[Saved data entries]
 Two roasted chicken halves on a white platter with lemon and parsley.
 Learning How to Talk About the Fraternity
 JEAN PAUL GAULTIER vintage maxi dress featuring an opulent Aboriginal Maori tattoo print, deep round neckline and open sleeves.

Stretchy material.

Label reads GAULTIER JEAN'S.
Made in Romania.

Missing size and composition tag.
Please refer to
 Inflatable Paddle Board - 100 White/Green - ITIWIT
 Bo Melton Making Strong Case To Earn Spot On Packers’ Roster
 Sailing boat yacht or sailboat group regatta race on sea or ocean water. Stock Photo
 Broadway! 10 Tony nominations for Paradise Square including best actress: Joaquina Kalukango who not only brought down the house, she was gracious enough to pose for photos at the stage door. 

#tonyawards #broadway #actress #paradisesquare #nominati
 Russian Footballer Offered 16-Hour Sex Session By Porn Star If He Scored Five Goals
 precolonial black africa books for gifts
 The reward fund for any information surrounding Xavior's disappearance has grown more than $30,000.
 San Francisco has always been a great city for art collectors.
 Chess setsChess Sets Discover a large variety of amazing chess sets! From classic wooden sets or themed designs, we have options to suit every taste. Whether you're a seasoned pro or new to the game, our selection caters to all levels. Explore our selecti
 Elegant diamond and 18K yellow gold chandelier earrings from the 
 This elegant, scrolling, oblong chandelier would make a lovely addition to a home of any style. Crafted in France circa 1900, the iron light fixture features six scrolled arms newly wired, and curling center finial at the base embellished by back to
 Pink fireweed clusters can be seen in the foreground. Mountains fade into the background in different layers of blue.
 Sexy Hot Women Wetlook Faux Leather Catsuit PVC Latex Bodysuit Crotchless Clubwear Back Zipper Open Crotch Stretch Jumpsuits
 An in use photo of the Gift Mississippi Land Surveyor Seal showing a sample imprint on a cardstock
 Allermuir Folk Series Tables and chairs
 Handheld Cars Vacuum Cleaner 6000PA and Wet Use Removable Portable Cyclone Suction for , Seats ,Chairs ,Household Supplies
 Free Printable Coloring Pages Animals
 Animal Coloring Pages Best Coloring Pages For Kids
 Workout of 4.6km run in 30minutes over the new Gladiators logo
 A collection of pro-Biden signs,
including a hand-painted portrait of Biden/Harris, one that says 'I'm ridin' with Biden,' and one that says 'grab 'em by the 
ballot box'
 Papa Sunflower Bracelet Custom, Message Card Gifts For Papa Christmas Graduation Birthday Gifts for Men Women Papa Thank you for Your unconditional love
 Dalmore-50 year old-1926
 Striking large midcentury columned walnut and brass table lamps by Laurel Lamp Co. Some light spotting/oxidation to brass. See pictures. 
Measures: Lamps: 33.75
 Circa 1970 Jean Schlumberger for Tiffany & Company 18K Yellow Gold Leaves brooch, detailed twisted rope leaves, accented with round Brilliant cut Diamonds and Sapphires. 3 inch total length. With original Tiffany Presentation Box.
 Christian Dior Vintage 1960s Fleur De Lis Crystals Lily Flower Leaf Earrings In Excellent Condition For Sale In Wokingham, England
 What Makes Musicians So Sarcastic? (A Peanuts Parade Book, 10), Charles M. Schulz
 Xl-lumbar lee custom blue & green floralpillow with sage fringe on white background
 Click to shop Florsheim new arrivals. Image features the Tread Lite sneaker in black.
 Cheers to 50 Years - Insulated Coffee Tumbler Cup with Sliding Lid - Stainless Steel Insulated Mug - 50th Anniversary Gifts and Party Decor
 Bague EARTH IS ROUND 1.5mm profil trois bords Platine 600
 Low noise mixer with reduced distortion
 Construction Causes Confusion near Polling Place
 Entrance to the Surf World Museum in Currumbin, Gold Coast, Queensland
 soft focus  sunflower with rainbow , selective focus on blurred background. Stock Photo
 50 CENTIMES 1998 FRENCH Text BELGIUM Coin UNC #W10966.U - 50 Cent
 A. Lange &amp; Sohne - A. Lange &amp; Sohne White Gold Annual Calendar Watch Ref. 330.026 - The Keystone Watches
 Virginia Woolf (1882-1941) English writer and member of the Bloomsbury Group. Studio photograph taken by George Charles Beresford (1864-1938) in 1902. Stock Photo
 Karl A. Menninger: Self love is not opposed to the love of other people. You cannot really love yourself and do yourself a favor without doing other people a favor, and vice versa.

Exercise objective:
Begin with the line above that has "Striking large midcentury" and continue through the line that has "Measures: Lamps: 33.75", setting each one down exactly. Stop there.

Exercise answer:
 Striking large midcentury columned walnut and brass table lamps by Laurel Lamp Co. Some light spotting/oxidation to brass. See pictures. 
Measures: Lamps: 33.75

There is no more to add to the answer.